Let’s see what a normal day in her life looks like.

At 5 AM she gets up to go to her sports coaching. Then, she has her school for 7 hours. Although she is too bright for tuitions, career counselling and grooming take that place. To ‘balance her left and right brain’, she goes for music classes as well. She also does dance classes for an hour. At night, exhausted, she struggles to finish up with her homework. Her weekends are filled with volunteer/charity work. And it repeats - a never-ending vicious cycle that starts from pressure and ends with pressure.


There is no place for indulgence. No fun, no me-time. Nothing that is just hers. She goes to

dance because her mother used to love it. Her music classes are because of her dad’s unrequited rockstar dreams. Her other activities are to stay ahead of a surge of up-and-

coming friends. Her parents pressurise her to live THEIR unfulfilled desires. She has no life of her own.


But under that perfect façade, the cracks start to show. When asked about her busy life she

sighed and said,

“I don’t even know why I do most of these things anymore,” eyes fixed on the floor. “I just... have to.”

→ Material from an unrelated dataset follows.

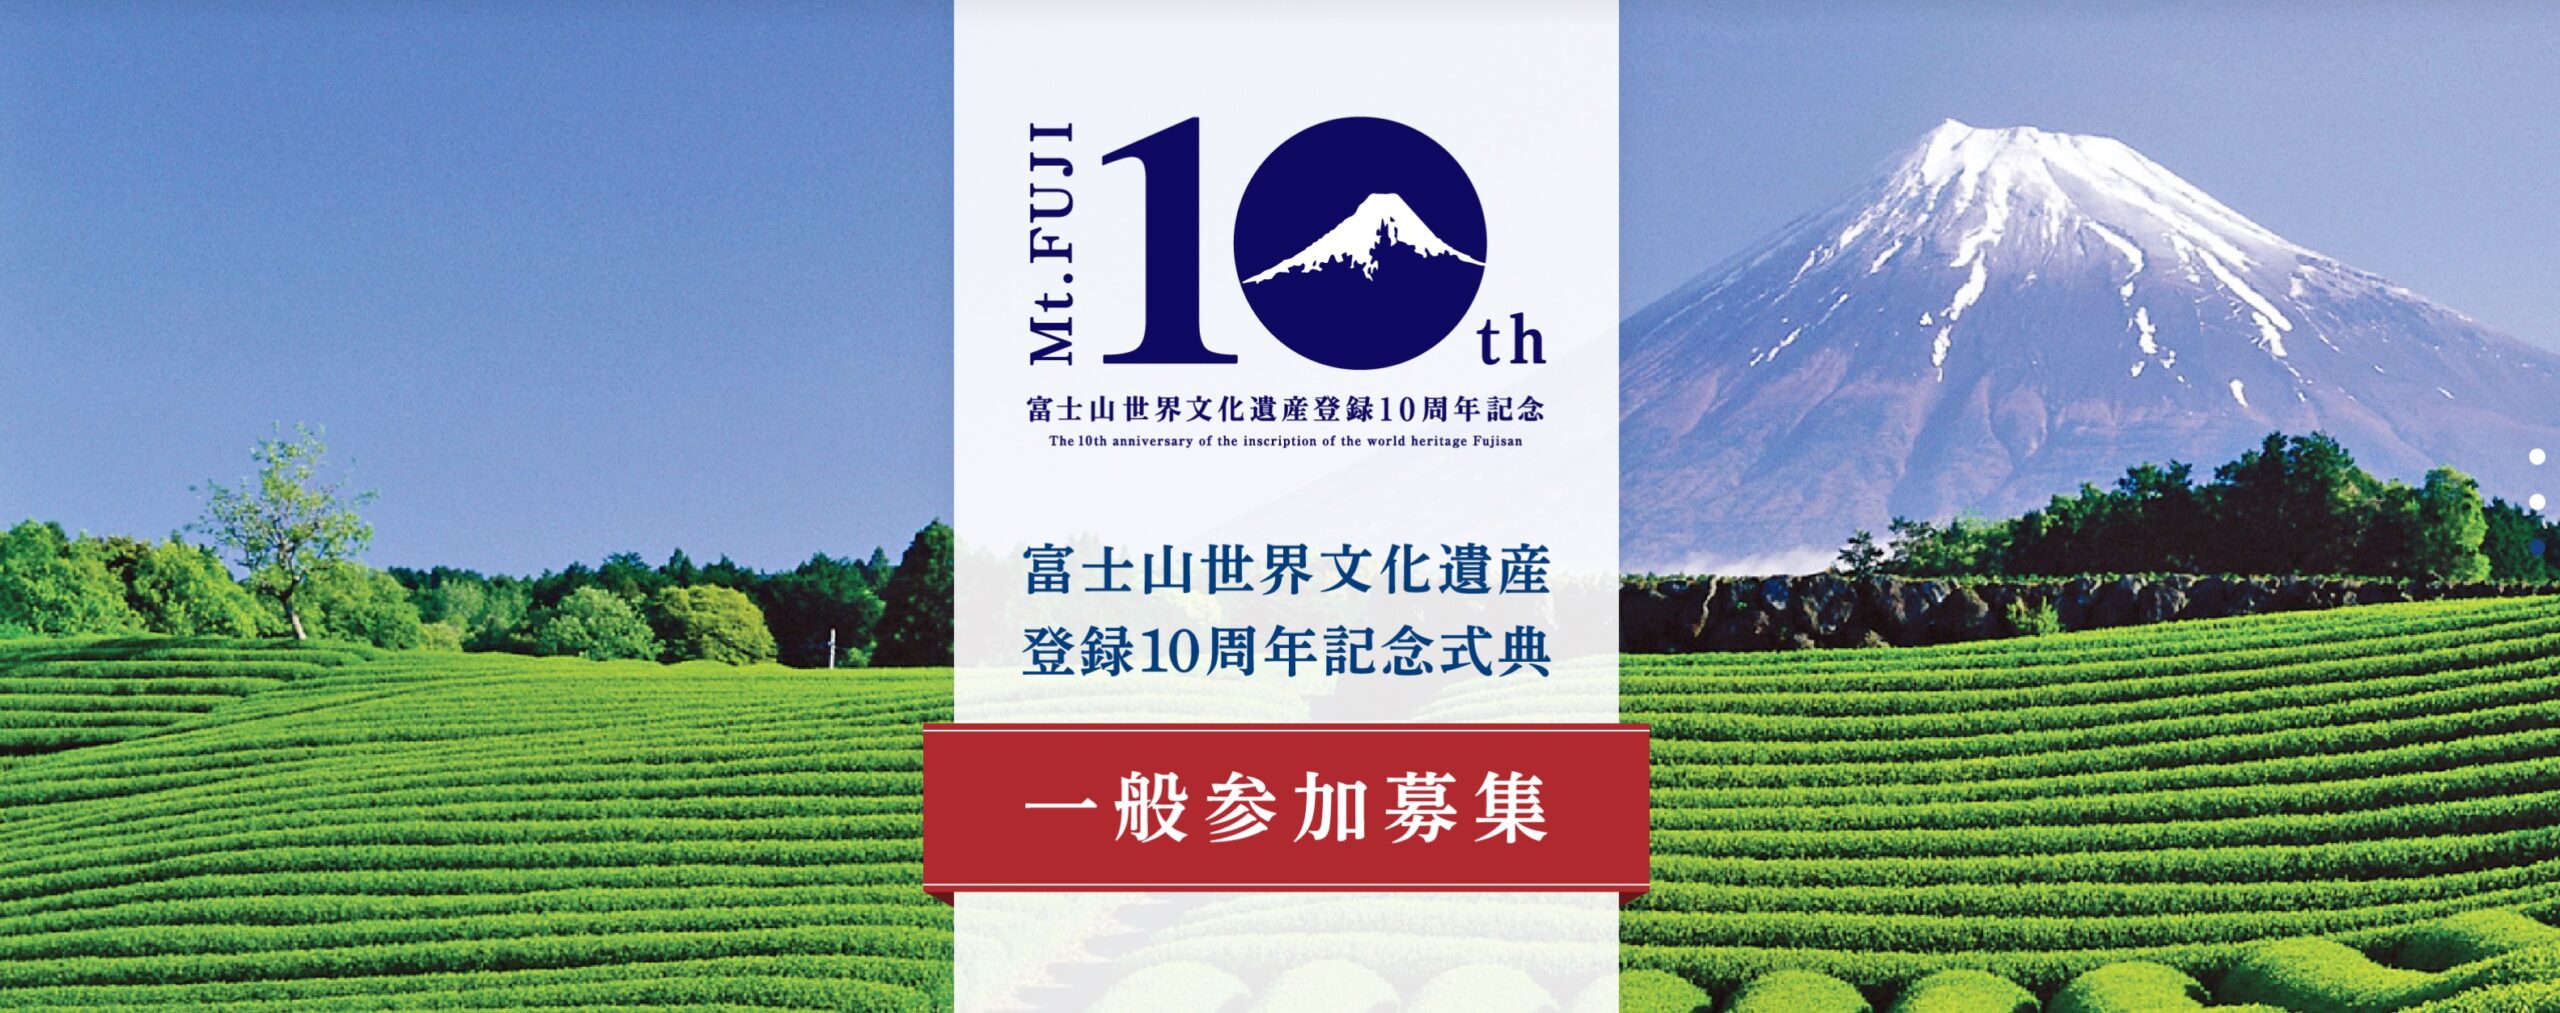 富士山世界文化遺産登録10周年記念式典

And yet, as the spark dims, people wonder aloud:

“She was such a lively child. What happened?”


What happened is this—many of India’s youth are growing up without ever truly living. They are moving through life like robots, checking boxes, driven by fear of failure and a desperate need to make others proud. In this transitional period between the old way of life and the new-age, fragile India, millions of teenagers like her are lost as to how to live their lives on their own terms.


Let’s move to some numbers. 75% of high school students and 50% of middle schoolers

consistently feel stressed due to high workloads. Among the 15 to 24-year-olds in India, one

out of seven often feels depressed or has little interest in doing things. Aren’t these numbers

quite shocking? The typical Indian society stifles us and our ambitions and forces us into

things that don’t capture our interest. Why? For the sake of getting into a good college? What is the point of getting into a good college if you lose yourself along the way?


The Need for Change

It’s time we ask ourselves: What is the cost of our definition of success?

Does admission into a top college matter if one loses their joy, confidence, and mental health in the process? What is the point of preparing a teenager for the future if they are too broken to enjoy it?

The societal script that glorifies overachievement and dismisses burnout must change.

We must stop assuming that just because a teenager is “capable,” they are invincible. They

are not.


A Message to Parents, Educators, and Teens


To parents: Your children are more than your second chance at a dream. Let them explore.

Let them fail. Let them rest.


To educators: Value creativity, curiosity, and emotional intelligence—not just grades and

rankings.


To every teenager out there:

You are enough.

You are not defined by your marks, your trophies, or your college acceptance letters.

You are not a project. You are a person—with the right to dream your own dreams.


Written by Myra Kanshal

Myra wrote this article as a participant of the Media-Makers Fellowship's May'25 cohort.